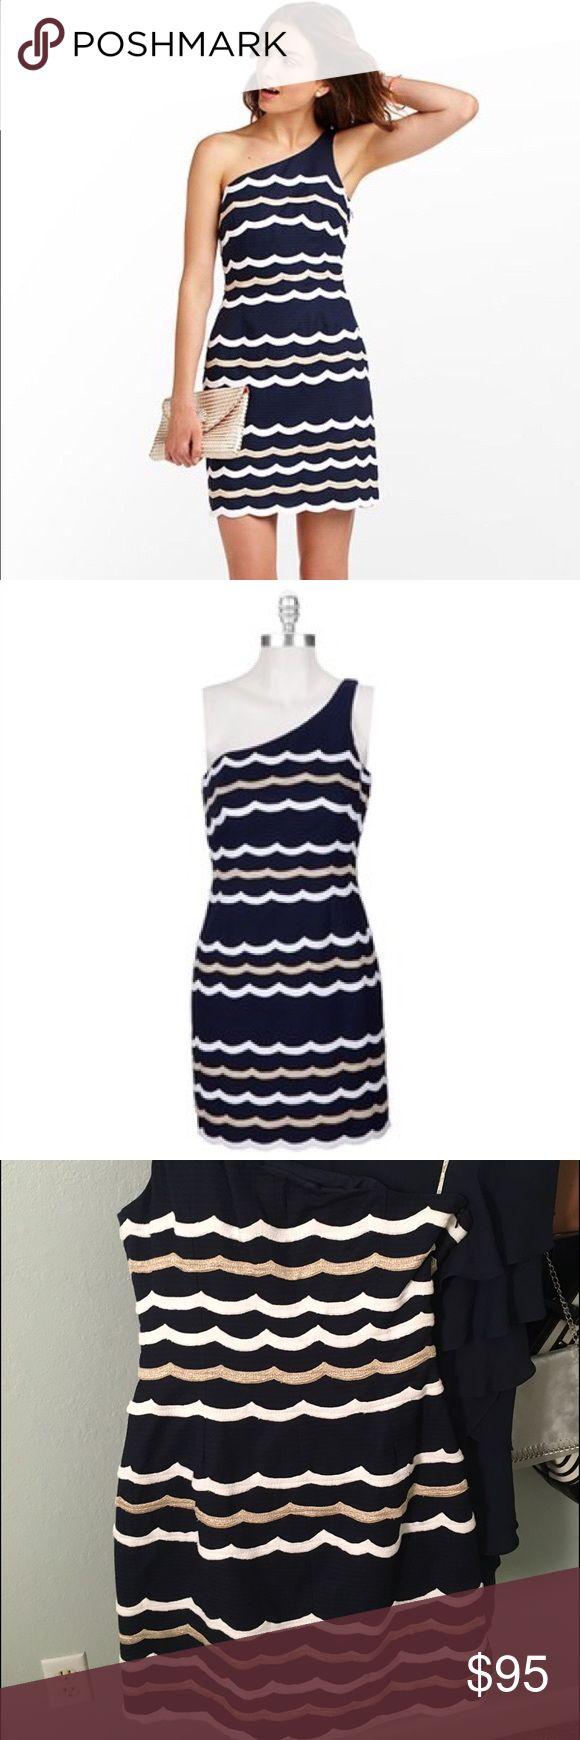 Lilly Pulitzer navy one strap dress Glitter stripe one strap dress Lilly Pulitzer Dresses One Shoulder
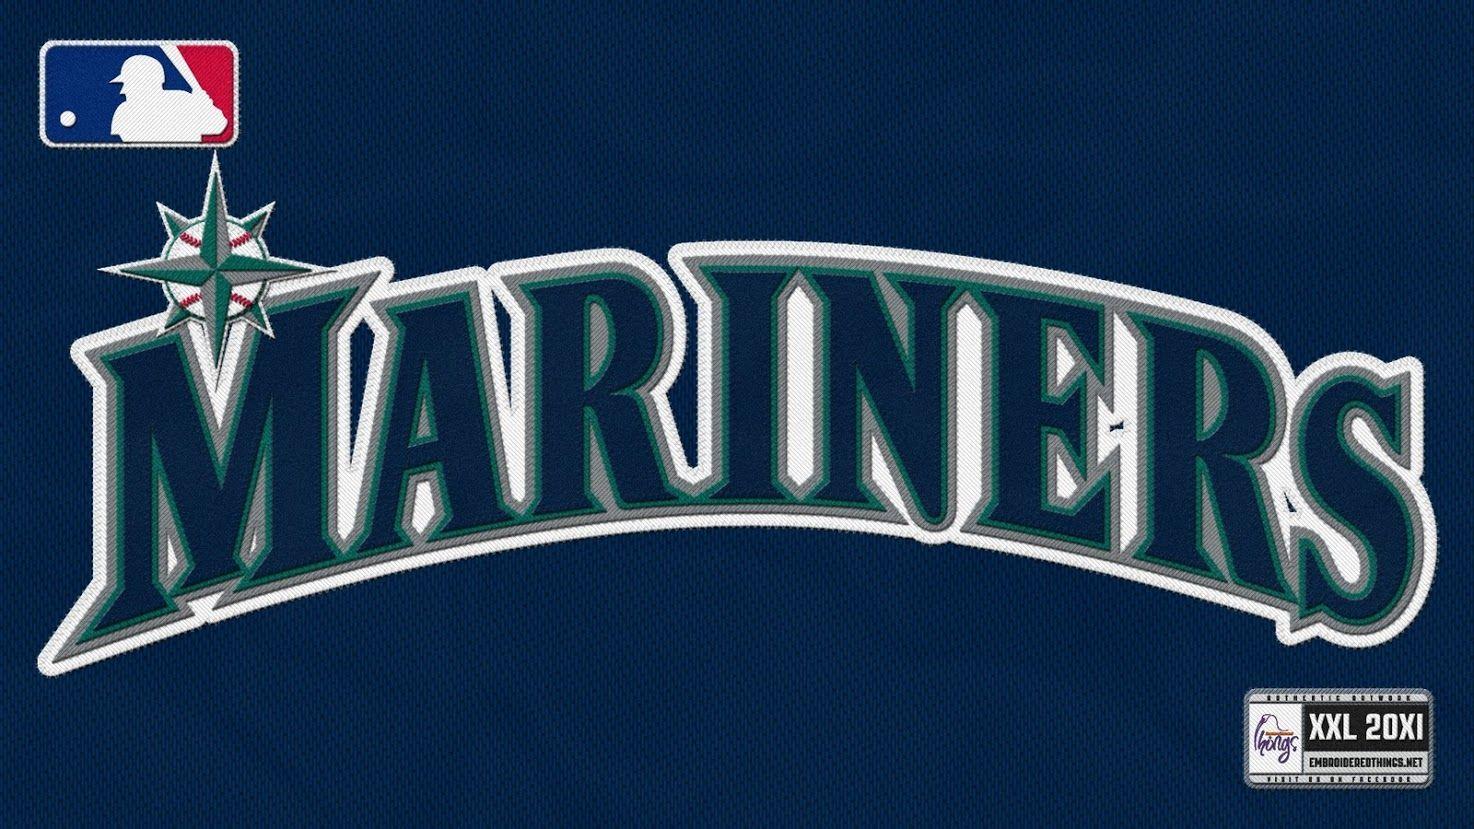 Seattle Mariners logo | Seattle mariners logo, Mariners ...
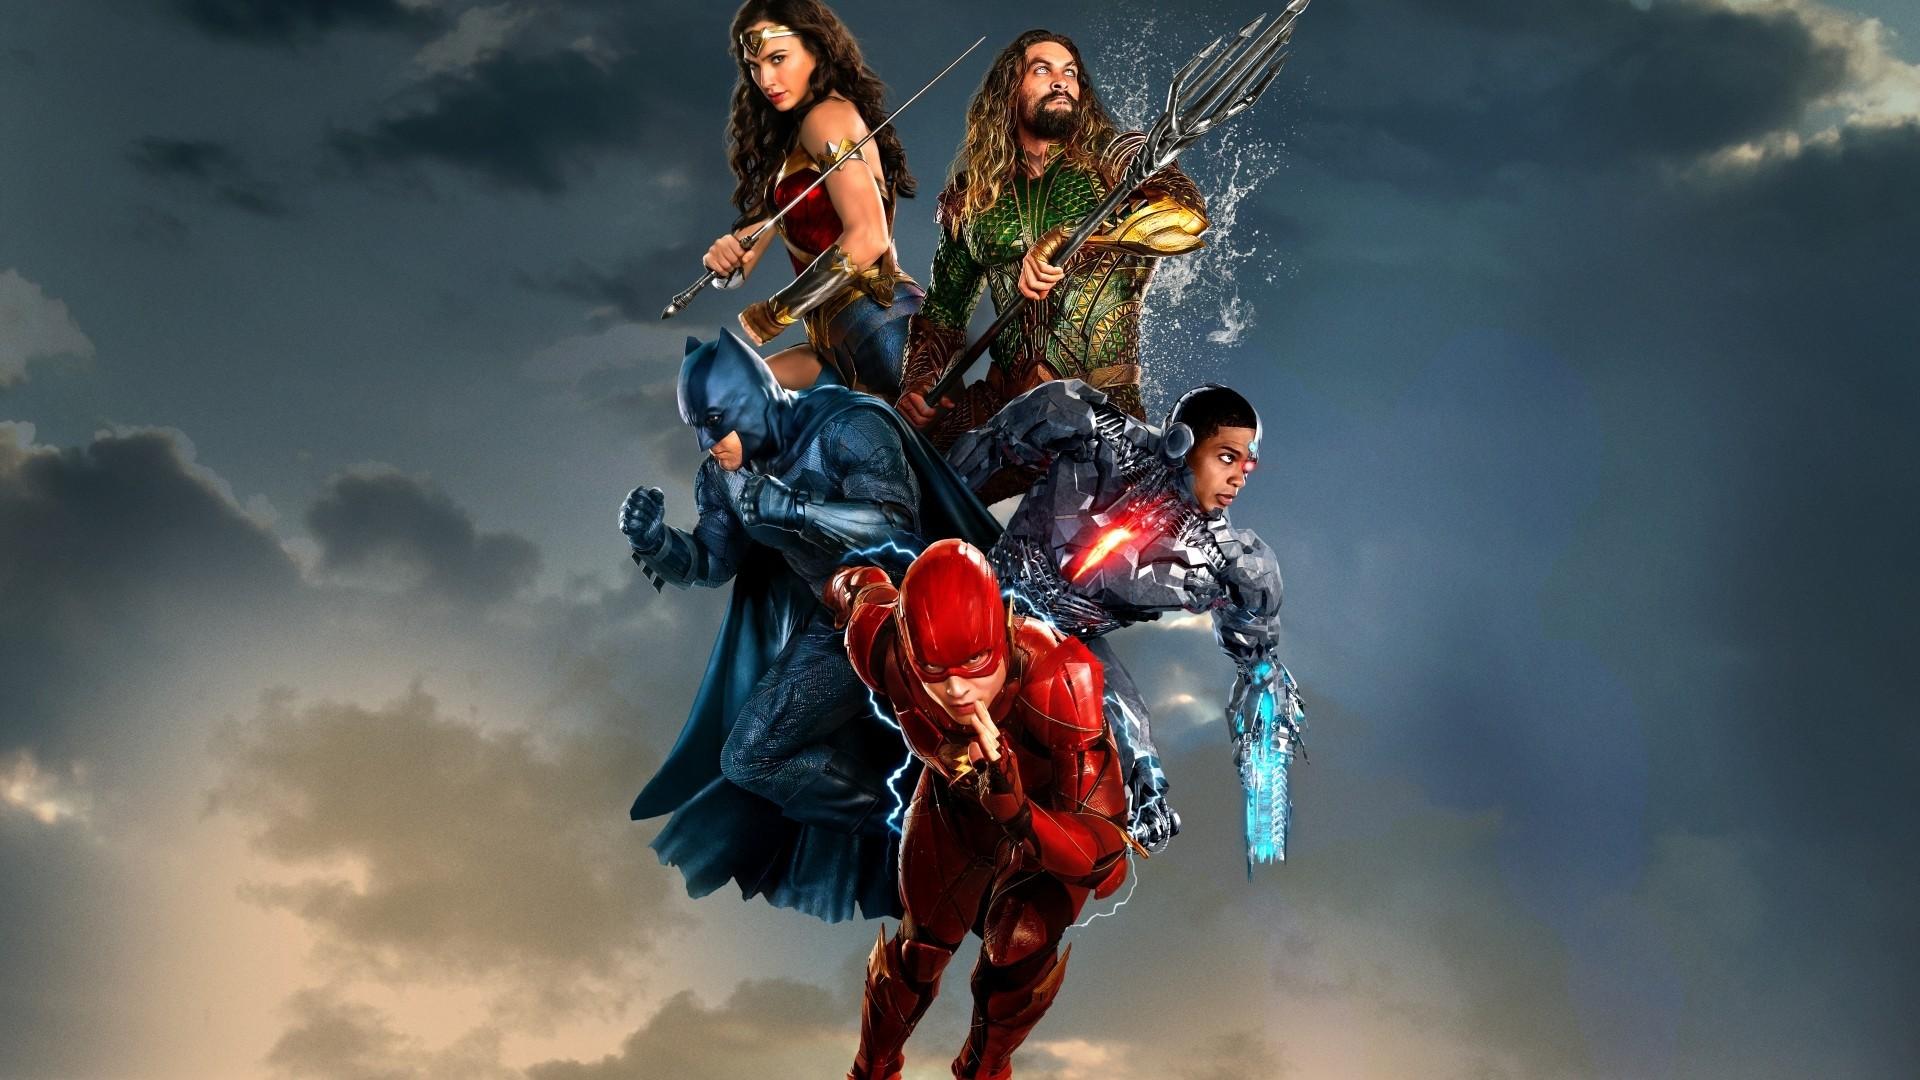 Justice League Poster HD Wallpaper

--------------------------------------------------

DIRECTIONS FOR THIS TASK:
Would you restate the listing word for word and leave every picture out?

RESULT OF THE TASK:
 Lilly Pulitzer navy one strap dress Glitter stripe one strap dress Lilly Pulitzer Dresses One Shoulder
 Seattle Mariners logo | Seattle mariners logo, Mariners ...
 Justice League Poster HD Wallpaper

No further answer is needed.